• **SOURCE DATA**:

____________

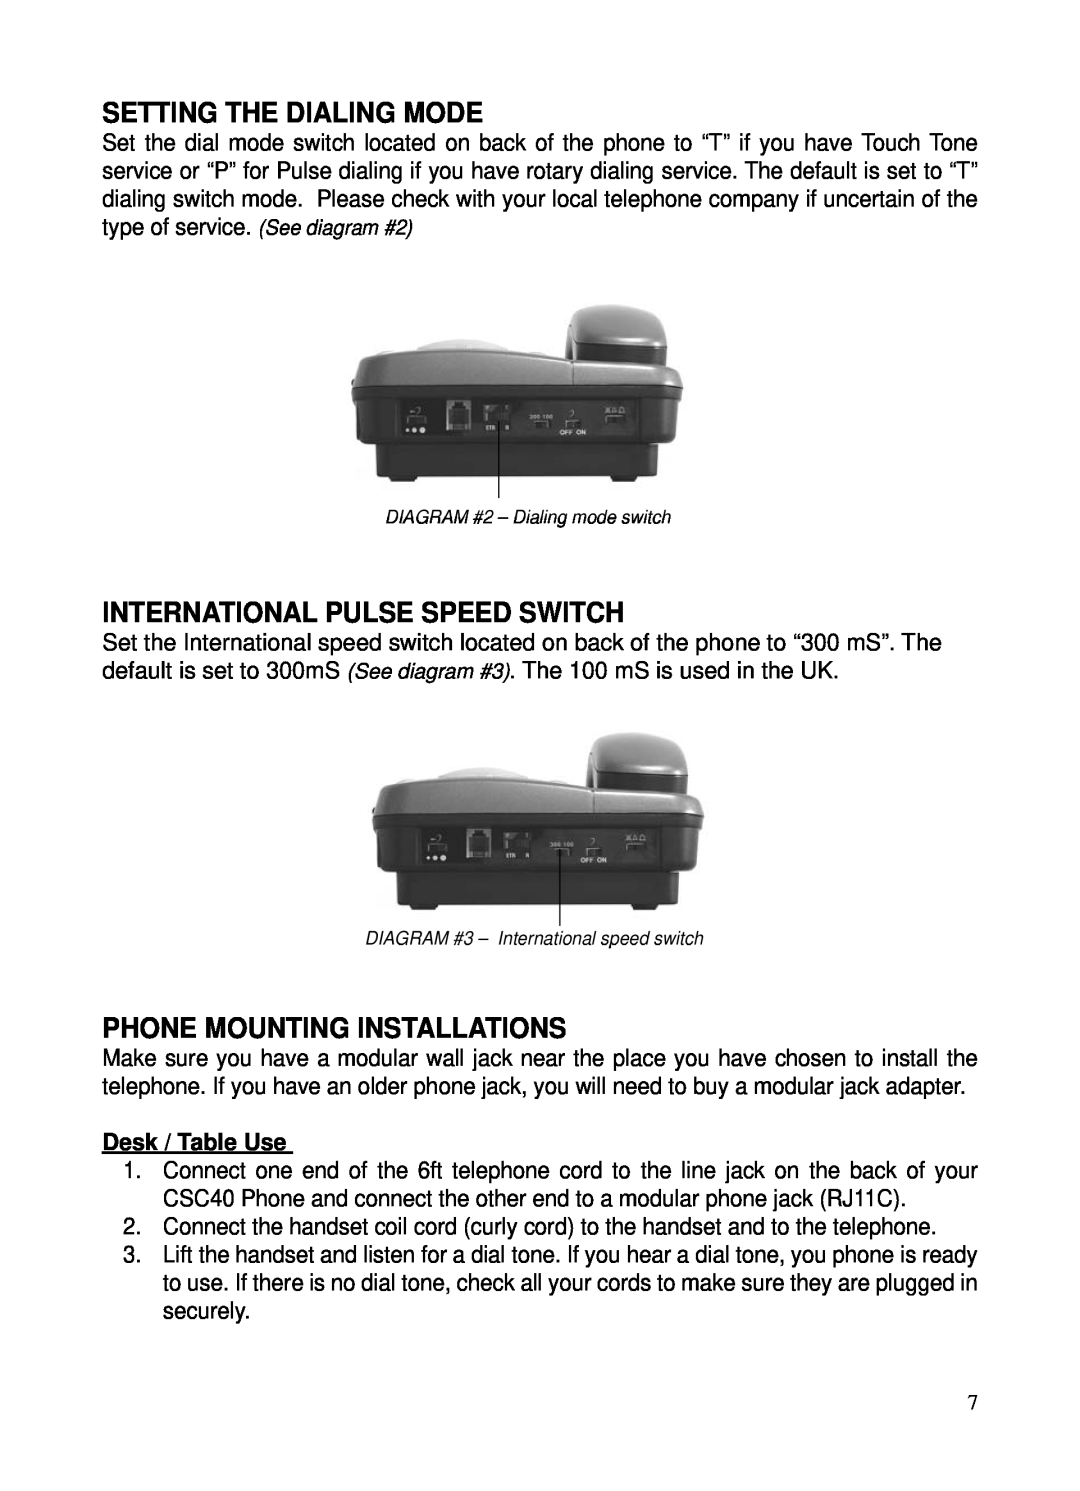 ClearSounds CSC40 user manual Setting The Dialing Mode, International Pulse Speed Switch, Phone Mounting Installations 
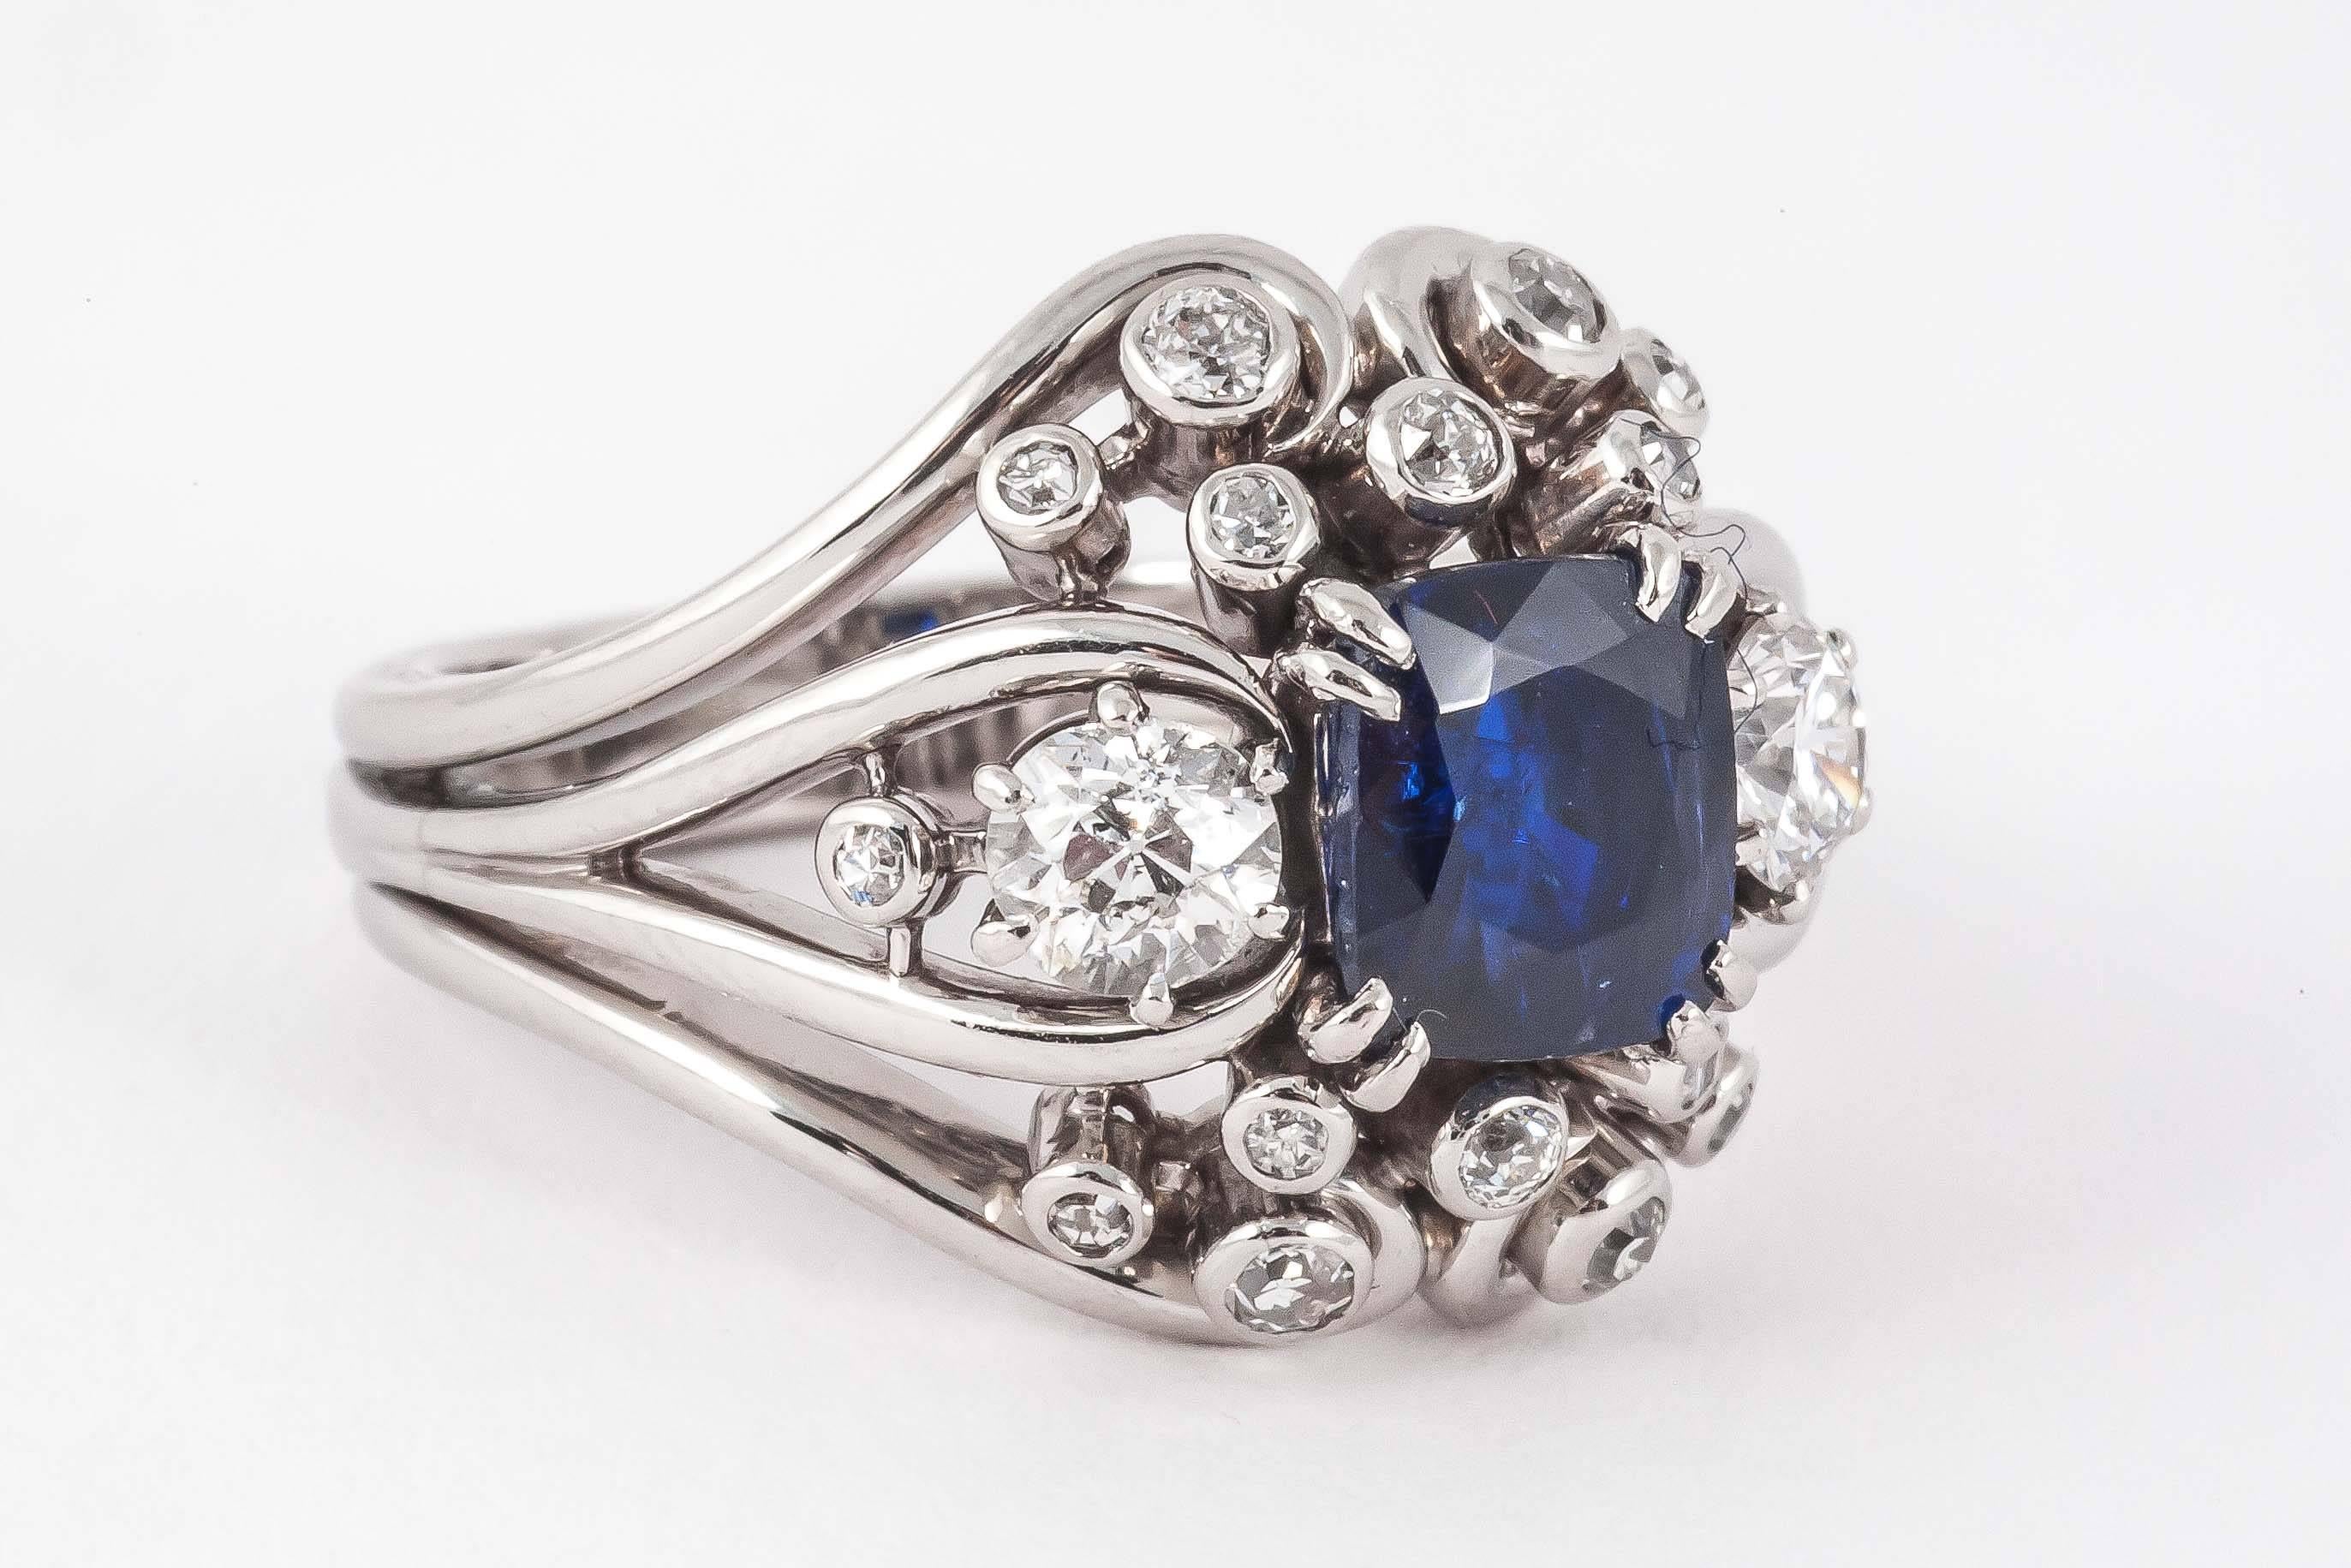 Natural Burma Sapphire surrounded by Diamonds set in Platinum
Ring size K

____________

• **WHAT TO PRODUCE**: Beginning at the line that contains "Natural Burma Sapphire", retype each line of the data above through the very last one. Do not retype the pictures.

• **PROBLEM SOLUTION**:
 Natural Burma Sapphire surrounded by Diamonds set in Platinum
Ring size K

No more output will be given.